A modular toolkit for analytics.
Project description
# newslynx
**This is still a WIP and we should be officially open-sourcing the codebase in late June/July 2015. For now, please read [the report](http://towcenter.org/research/the-newslynx-impact-tracker-produced-these-key-ideas/) we published for the [TowCenter](http://towcenter.org) on our prototype.**
## (Re)Setting up the dev environment
#### Install `newslynx`, prefrerably in a virtual environment.
```
git clone https://github.com/newslynx/newslynx.git
cd newslynx
python setup.py install
```
If you want to actively work on the codebase, install in `editable` mode:
```
git clone https://github.com/newslynx/newslynx.git
cd newslynx
pip install --editable .
```
#### Install the dependencies (instructions for Mac OS X, for now):
Install `redis`:
```
brew install redis
```
**NOTE** We recommend using [Postgres APP](http://postgresapp.com/).
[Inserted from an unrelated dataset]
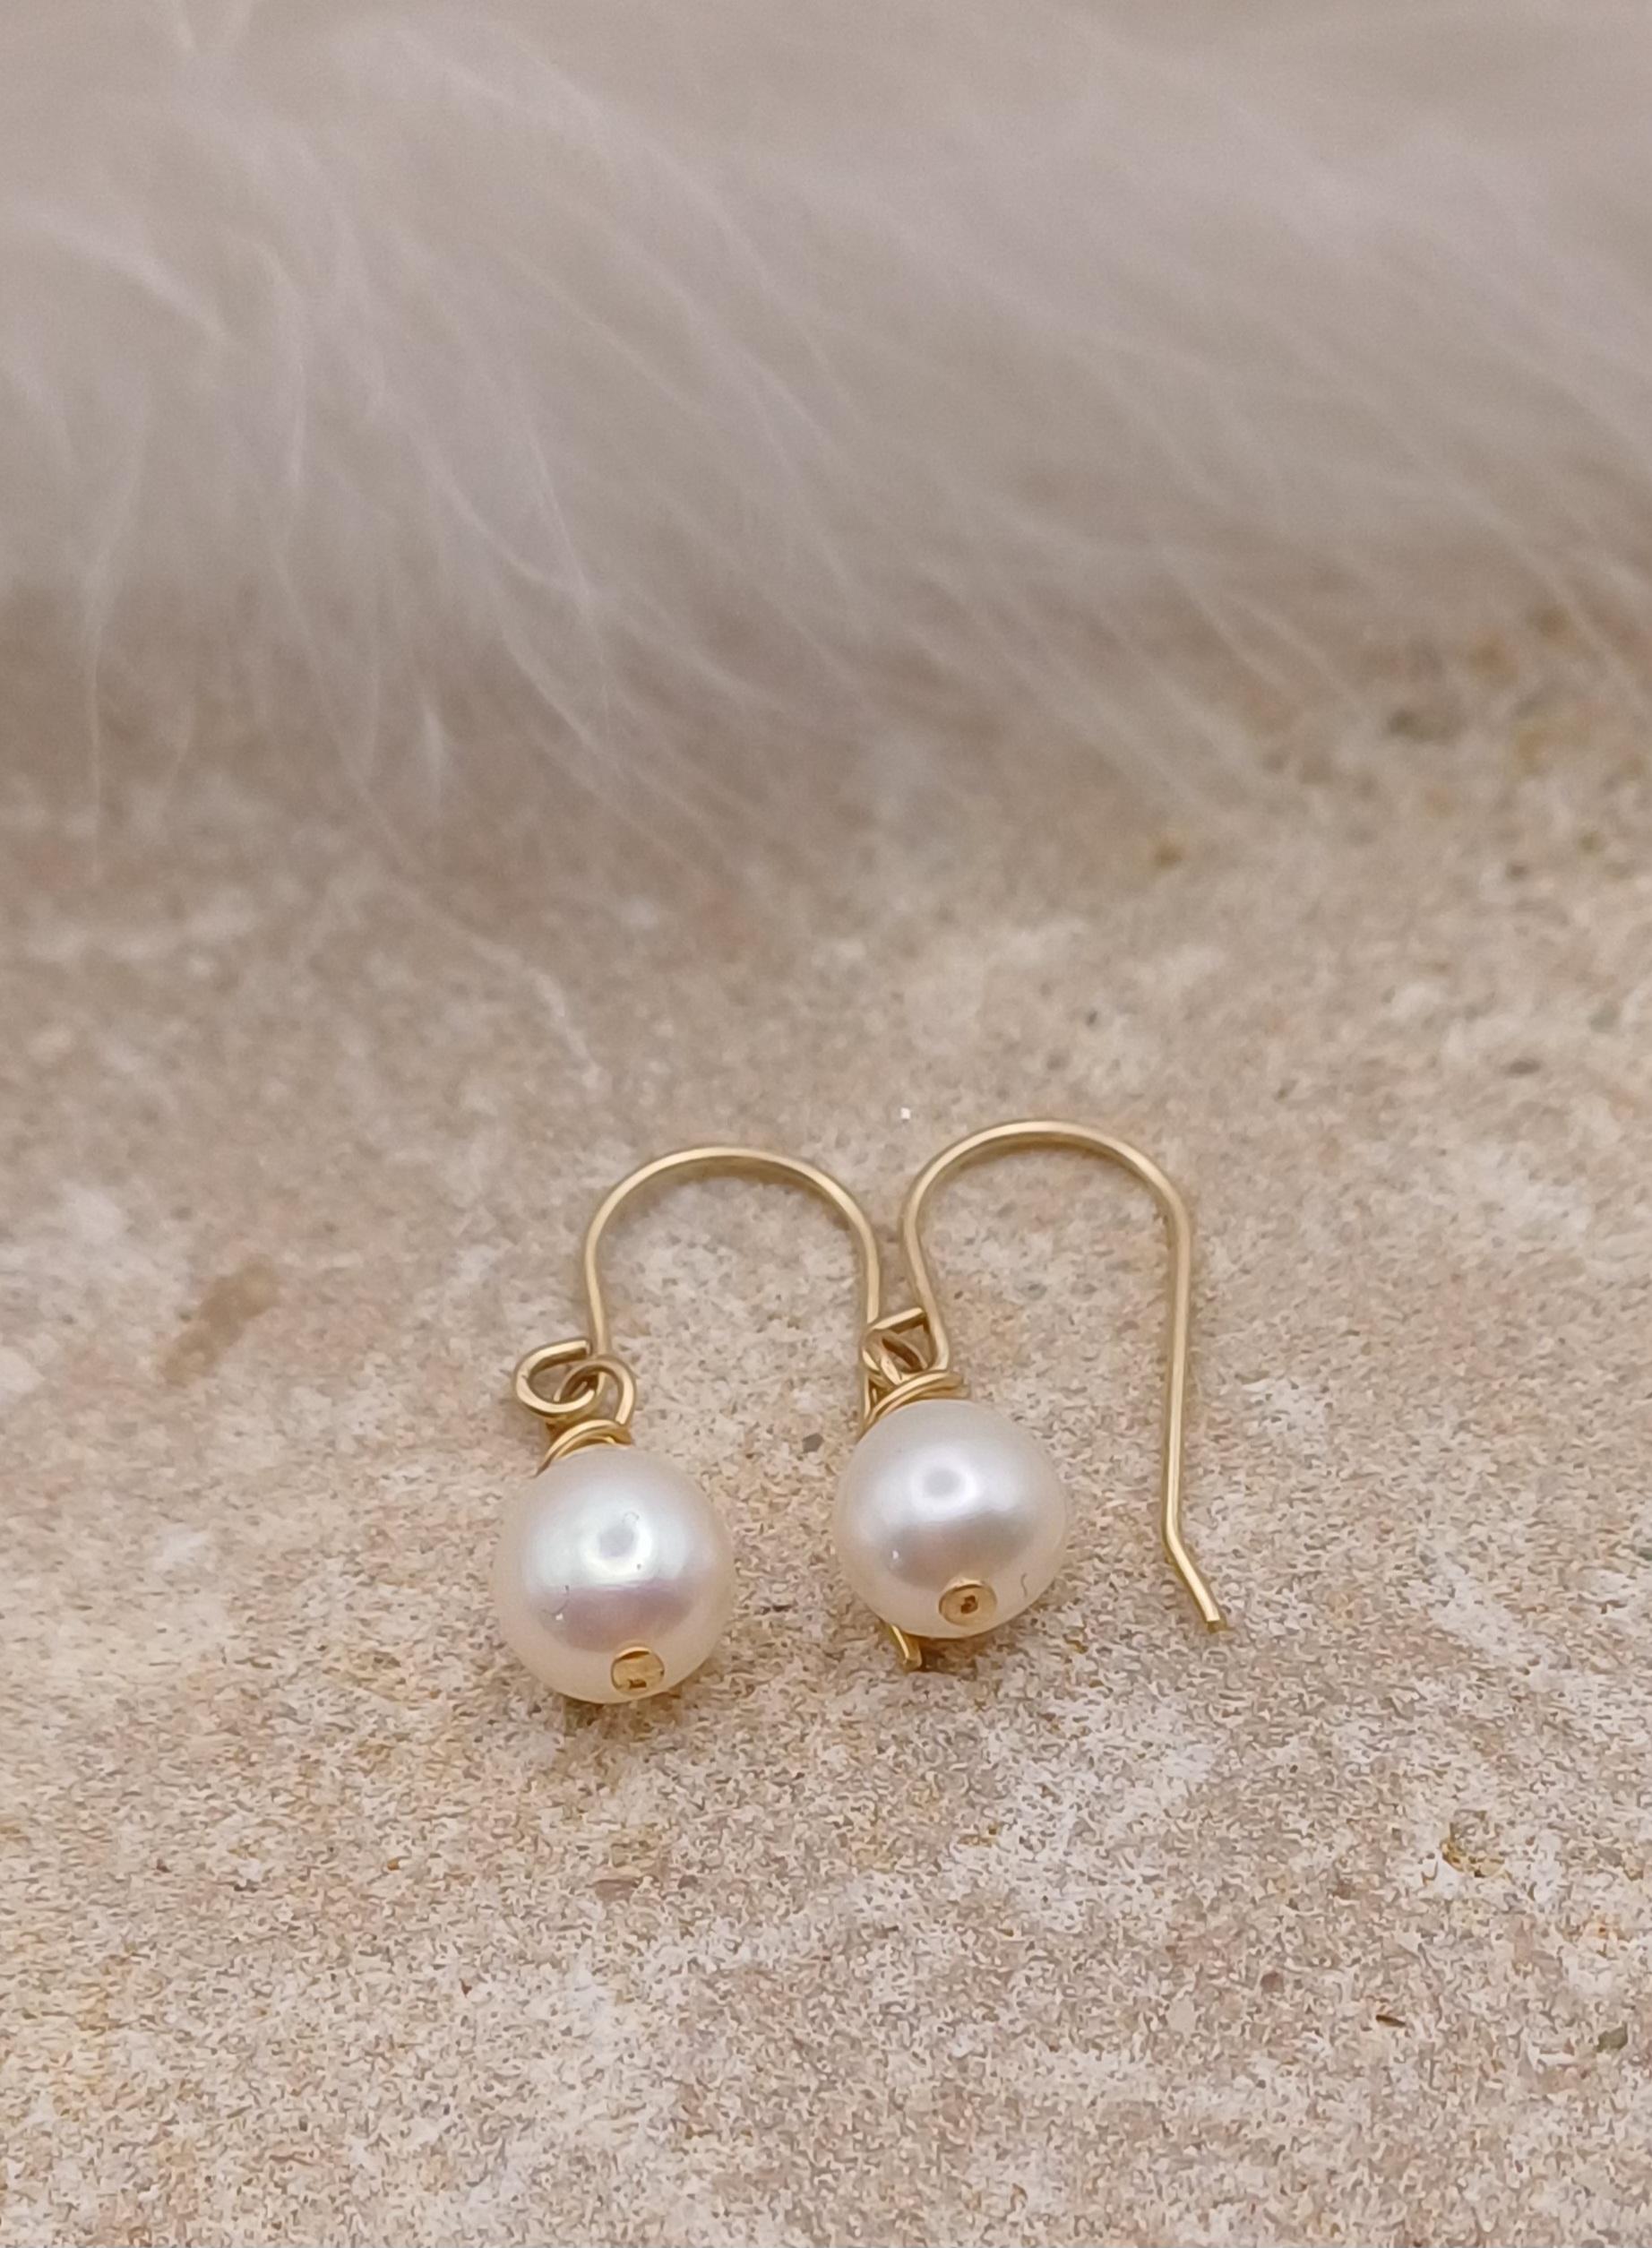 EARRINGS - 9ct Gold Drop Pearl Earrings

However, if you prefer the `brew` distribution, make sure to install it with plpythonu.
```
brew install postgresql --build-from-source --with-python
```
(Re)create a `postgresql` database
```
dropdb newslynx
createdb newslynx
```
#### Set your configurations
- fill out [`example_config/config.yaml`](example_config/config.yaml) and move it to `~/.newslynx/config.yaml`
- follow the [SQLAlchemy Docs](http://docs.sqlalchemy.org/en/rel_1_0/core/engines.html#database-urls) for details on how to configure your `sqlalchemy_database_uri`.
- Modify default recipes and tags in [`example_config/defaults/recipes.yaml`](example_config/defaults/recipes.yaml) and [`example_config/defaults/tags.yaml`](example_config/defaults/tags.yaml). These tags and recipes will be created everytime a new organization is added. If you'd simply like to use our defaults, type `make defaults`. This will move these files to `~/.newslynx/defaults`.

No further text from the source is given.